Dr Nadine Murat-Charrouf (Service de médecine gériatrique, CHU de Rennes) : « Si le temps de transit [des selles dans le côlon, ndlr] et la fréquence des selles sont indépendants de l’âge, la fonction ano-rectale tend, elle, à s’altérer. On constate alors un émoussement de la sensibilité rectale avec un moindre ressenti du besoin, une diminution du tonus du rectum, auquel s’associe un affaiblissement musculaire abdominal et de la tonicité du plancher pelvien ».

Alimentation et maladies associées, attention au risque de constipation
En dehors du vieillissement physiologique de la fonctionnalité anorectale, plusieurs autres causes primaires dues aux conditions de vie de la personne âgée entrent en jeu, avec en premier lieu une alimentation pauvre en fibres (« régime » alimentaire inadapté, problèmes de dentition ou appareil dentaire mal ajustés…)‏.

La déshydratation joue aussi un rôle prépondérant (apports hydriques insuffisants, diminution de la sensation de soif avec l’âge, limitation de la prise de boisson pour éviter les fuites, prise de médicaments diurétiques…)‏.

Mais d’autres causes peuvent favoriser une constipation comme l’immobilité, l’alitement et, en institution ou à l’hôpital, la difficulté de l’utilisation du bassin, de l’accès à la sonnette, des délais tardifs de réponse aux appels etc.

Dr Nadine Murat-Charrouf : « De plus, il ne faut surtout pas dans cette tranche d’âge négliger l’impact d’éventuelles causes secondaires, organiques. Elles peuvent être de nature digestive : tumeurs, hémorroïdes, fissure anale, troubles de la statique pelvienne avec un rectocèle (hernie formée par le rectum dans le vagin), prolapsus (descente d’organe) rectal.
Les désordres neurologiques ou neuropsychiques peuvent engendrer ou accentuer une constipation : maladie de Parkinson, accident vasculaire cérébral, paraplégie, sclérose en plaques, lésions de la queue de cheval (partie terminale de la moelle épinière) ou des nerfs pelviens, syndrome dépressif, états démentiels ».
Les maladies endocriniennes ou métaboliques sont elles aussi impliquées, telle que l’hypothyroïdie, le diabète, l’insuffisance rénale, sans oublier des troubles fréquents avec l’avancée en âge comme la diminution de la quantité de potassium, de calcium ou de magnésium contenue dans le sang (hypokaliémie, hypocalcémie, hypomagnésémie).

Cherchez le médicament…
Les personnes âgées prennent souvent plusieurs médicaments. Or la liste des molécules pouvant induire une constipation ou favoriser celle-ci est longue. Parmi eux, les antidépresseurs et neuroleptiques, les antiparkinsoniens, certains antihypertenseurs, les antiacides, les anticonvulsivants, les myorelaxants, les diurétiques, les antidiarrhéiques et même la supplémentation en fer ou en calcium etc.

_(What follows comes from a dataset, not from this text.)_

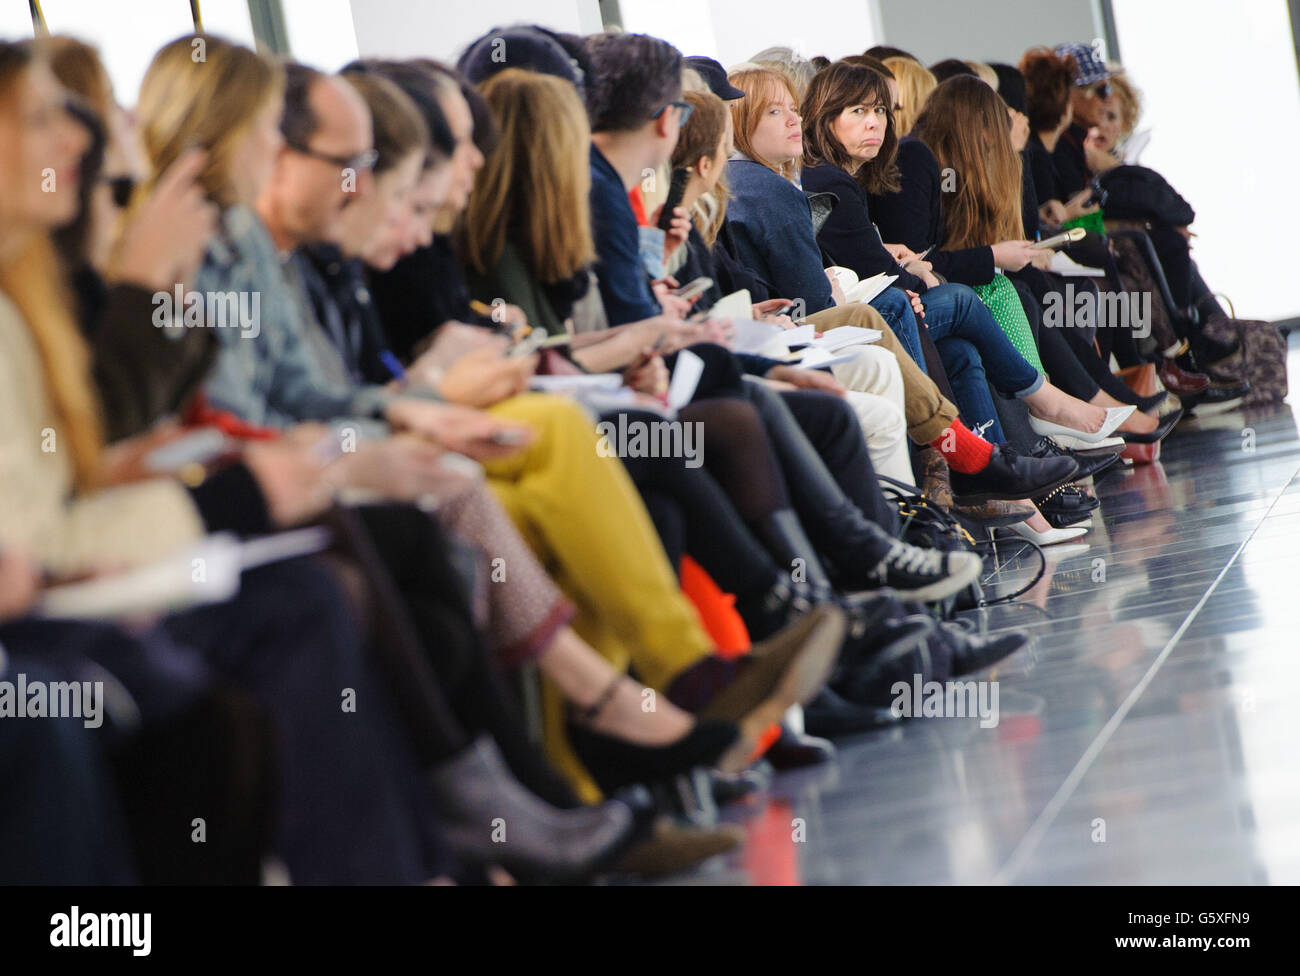 Membri del pubblico durante la sfilata Preen del terzo giorno della London Fashion Week, presso la Heron Tower, Londra. Foto Stock

La constipation est un effet digestif indésirable fréquent sous médicament contenant de la morphine.

Du bon usage des laxatifs
Les trois quarts des sujets âgés en institution sont sous médicament laxatifs. Ils sont 6% avant 40 ans sous laxatifs en institution et 60% après 60 ans.
Mais avant d’avoir le réflexe « laxatif », il faut s’assurer de règles fondamentales comme l’activité physique, qui a fait ses preuves lorsque la personne est confinée au lit et au fauteuil, une hydratation suffisante (1,5 litre de boissons) ‏et un apport en fibres correct (15 à 20 g/jour de son, de céréales).

Quant à l’usage des laxatifs, utiles en cas de constipation lorsque celle-ci est dû à un trouble de la progression des selles dans le côlon, il faut toujours débuter par un laxatif non irritant (dit de « lest », qui hydrate les selles) et l’associer, si la constipation s’avère rebelle, à un second laxatif non irritant ou à un laxatif stimulant ; il stimule la motricité du côlon et la sécrétion d’eau par la muqueuse colique.

En cas de constipation cette fois-ci par trouble de l’évacuation, on utilise alors les suppositoires (à la glycérine ou à dégagement de gaz carbonique) et les lavements en cas d’accumulation de matières dans le rectum (le plus souvent) …

D’après un entretien avec le Dr Nadine Murat-Charrouf (Service de médecine gériatrique, CHU de Rennes).